Please help to debug it. When debugging
is complete, remove the {{develop}} tag.


Contents

[edit] A first look

This "Sieve of Eratosthenes" is not the genuine algorithm, but is instead a naive version of the original as (incorrectly) taught in most courses on algorithms. A more comprehensive (and far better-performing!) Sieve will be provided later as infrastructure code (specifically a priority queue) is provided elsewhere.

The core of this naive implementation is the primes function, detailed below. primes is just a convenient wrapper that hides implementation detail behind a facade. Called by itself it provides an infinite list of primes which may be used in other circumstances as desired. It accomplishes this by wrapping a tail-recursive function, sieve, tucked away in a where clause to keep from polluting the namespace.

<<primes_naive>>=

primes :: [Integer]
primes = sieve [2..]
  where
    sieve (p:xs) = p : sieve [x|x <- xs, x `mod` p > 0]

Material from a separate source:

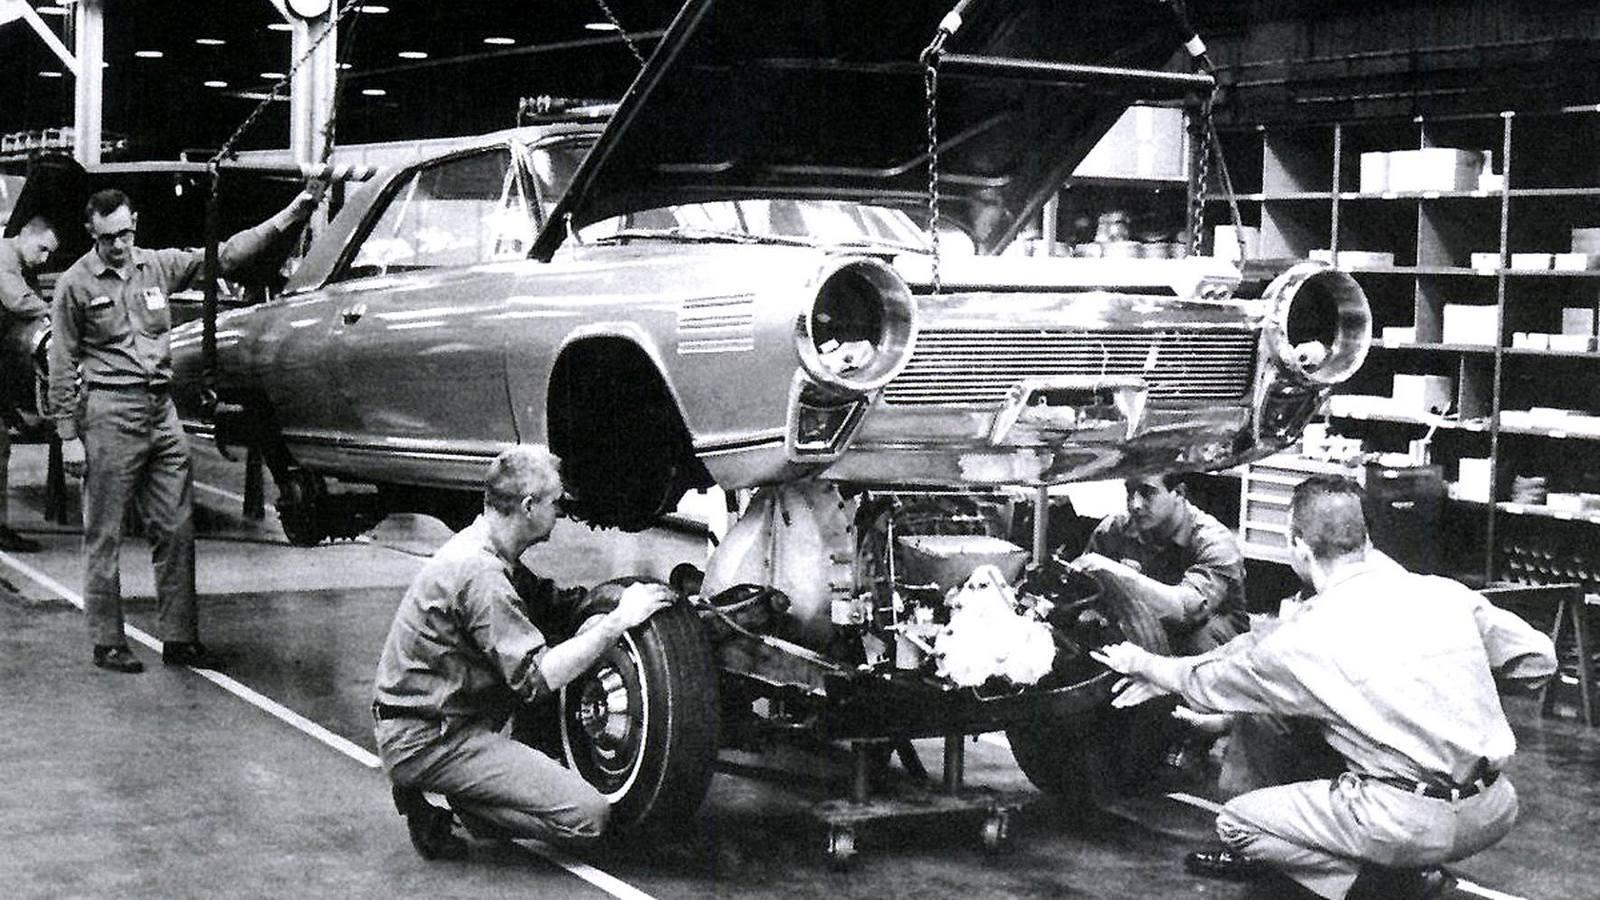 В 1960-е самым удачным и наиболее перспективным газотурбинным легковым автомобилем считался двухдверный седан Chrysler Turbine, построенный достаточно крупной партией из 50 машин. Интересно, что для оценки будущего спроса их бесплатно раздавали избранным клиентам и рядовым американским автомобилистам, каждый из которых мог бесплатно пользоваться такой машиной в течение трех месяцев и затем высказать свое мнение. Одновременно их демонстрировали во многих штатах Америки и за рубежом.Тест-драйв газотурбинной машины Chrysler Turbine на холмистой местности. 1963 годПривлекательный и комфортный четырехместный кузов с виниловой крышей собирала итальянская фирма Ghia и отравляла его в Америку. Передняя часть автомобилей напоминала воздухозаборники реактивных самолетов, задок был похож на сопла авиационных турбин, а яркий и богато оформленный красно-оранжевый салон, напоминавший самые дорогие и роскошные лимузины, почему-то не имел кондиционера. В подкапотном пространстве умещался модернизированный ГТД А-831 мощностью 130 л.с., весивший всего 186 килограммов.Листалка из 4 фото с разными подписямиОдин из 50 собранных автомобилей Chrysler Turbine с 130-сильной газовой турбиной. 1963 годЗадняя часть машины была выполнена в авиационном стиле и напоминала два сопла самолетных турбинЯркое и броское оформление салона с хромированными деталями и кожаными сиденьямиПод капотом автомобиля Turbine свободно помещался новый газотурбинный агрегат A-831Все эти невероятные усилия и затраты по проталкиванию газотурбинной машины успеха не принесли. При мягкости хода, стабильности движения и отсутствии регулярного техобслуживания автомобиль оказался ненасытным, требуя по 20 литров горючего на 100 километров. Он не мог работать на этилированном бензине и издавал невероятный шум на больших скоростях. В 1967-м почти все машины Chrysler Turbine были отозваны и пущены под пресс. Только в частных коллекциях и музеях сохранились семь-восемь экземпляров.Так начался стремительный закат газотурбинной авт

The sieve function in the where-clause takes a single list of integers as its argument and assumes that the first list member is a prime. Since primes passes in the infinite list [2..], it is guaranteed in this code that the first number will always be prime. It returns with the initial prime p glued onto the output of a tail-recursive call to itself with a list comprehension that returns only those integers which are not evenly divisible by the provided prime. To more clearly explain:

  1. sieve is first passed a list of all integers greater than or equal to 2 ([2, 3, 4, 5, 6, 7, 8, 9, 10, 11, 12, 13, 14, 15, 16, 17, ...]);
  2. it uses the 2 as the first prime and then passes itself a list of all remaining integers not divisible by 2 ([3, 5, 7, 9, 11, 13, 15, 17, ...]);
  3. it uses the 3 as the second prime and then passes itself a list of all remaining integers not divisible by 3 ([5, 7, 11, 13, 17, ...]);
  4. this proceeds recursively ad infinitum.

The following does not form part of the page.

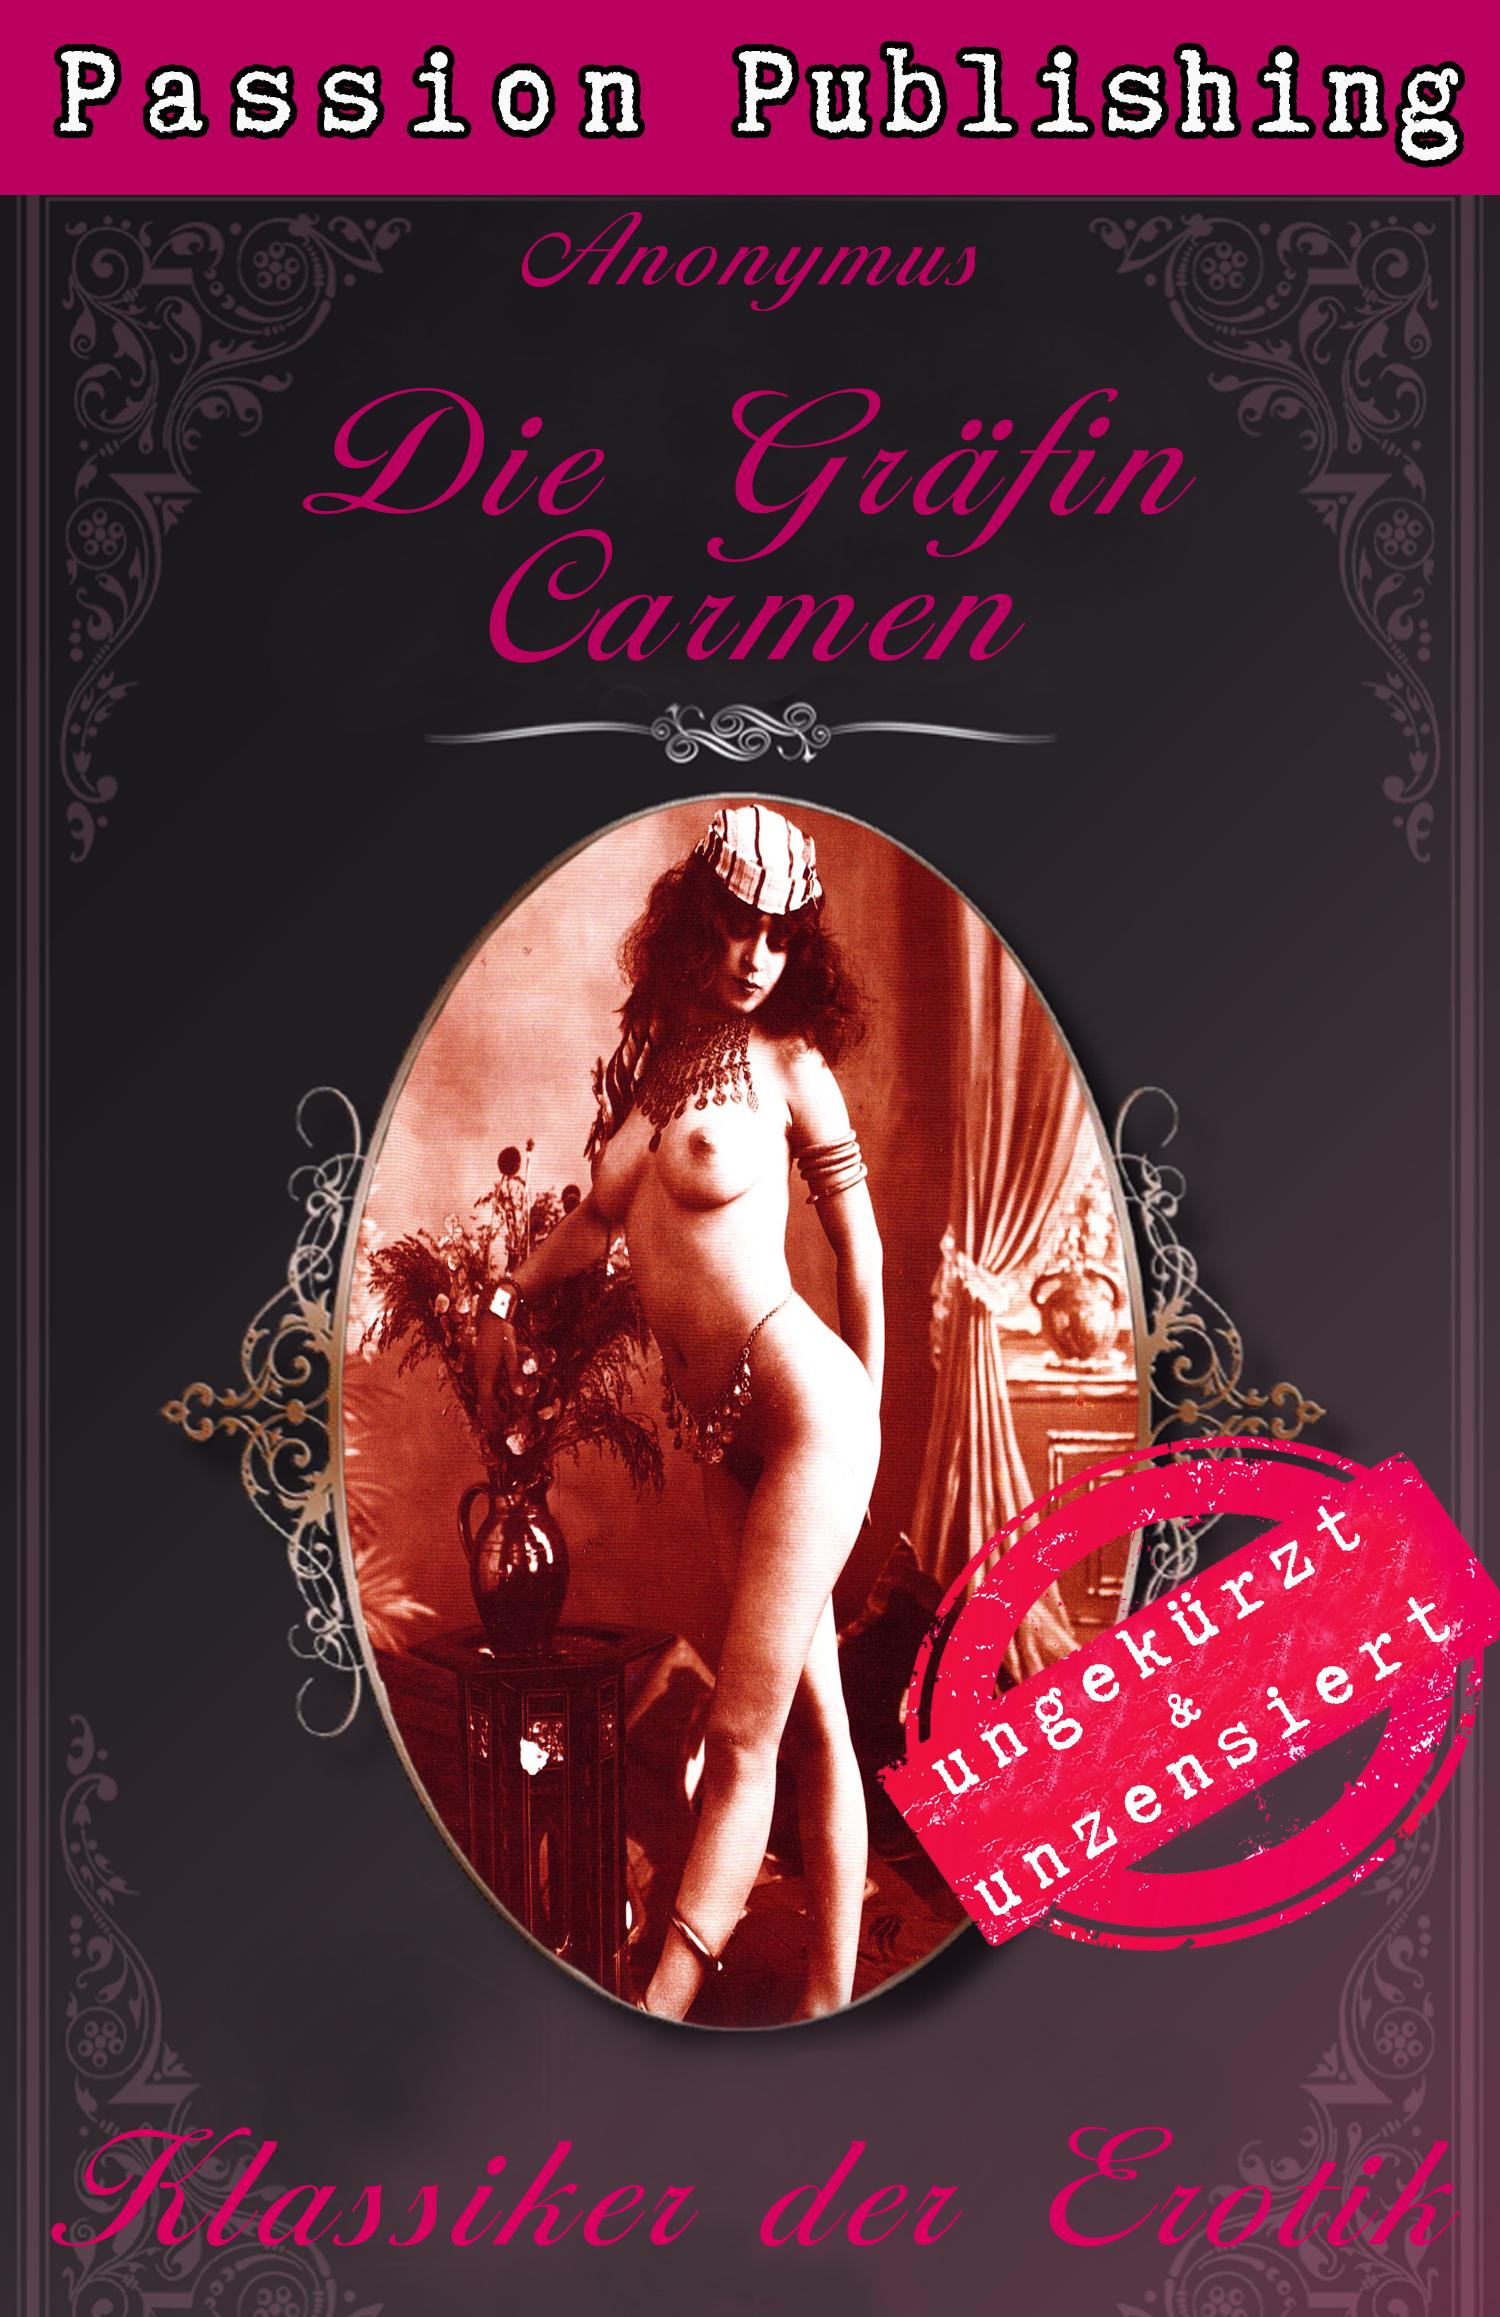 Anonymus Klassiker der Erotik 39: Die Gräfin Carmen

To those unfamiliar with Haskell's lazy semantics, the above can seem like a mystery. It is best to consider the lists involved not as lists in the traditional data structure sense, but instead as list generators -- functions which will calculate on demand the next item in the "list". It is these lazy semantics which permit elegant, readable code like the above to be generated without the fussing around that's usually needed when coding this pared-down "Sieve of Eratosthenes".

Some notes on the provided code:

  • Having the pairing of primes and sieve is a safety issue used to guarantee correctness of the ensuing list at the possible expense of some performance. (Using the GHC compiler there is absolutely no performance degradation, but naive implementations could incur some overhead.)
  • The lines above each function (e.g. primes :: [Integer]) are type declarations and are not necessary for this code to compile and work. Haskell can infer the type of these expressions without declarations. The declarations have been provided as a courtesy to the reader to enhance comprehension.

[edit] Test code

This code, as stated earlier, is a naive implementation and not an authentic Sieve of Eratosthenes at all. To prove this by comparing it to later versions, we'll write a simple little test framework that finds the 10,000th prime so we can run this with some form of tool that measures time used at the command line. The code is dead simple:

<<prime_sieve_naive_test.hs>>=
module Main
  where

primes_naive

main :: IO ()
main = do
  print $ show (primes !! 10000)

Executing this on a machine with timing information could look like this:

$ ghc --make prime_sieve_naive_test.hs
$ time ./prime_sieve_naive_test
"104743"

real    0m14.817s
user    0m14.277s
sys     0m0.020s

[edit] A better sieve

A better "sieve", also not the authentic one, can be constructed to provide far better performance. As with the naive version, this version is not the authentic Sieve of Eratosthenes, but it does perform much more quickly.

[edit] Building blocks

As is so often the case in Haskell, the simple building blocks of this solution to finding primes occupies the greatest amount of space, yet requires the least explanation to understand. Two functions, merge and diff here occupy over two-thirds of the (meaningful) line count, but are trivial to understand.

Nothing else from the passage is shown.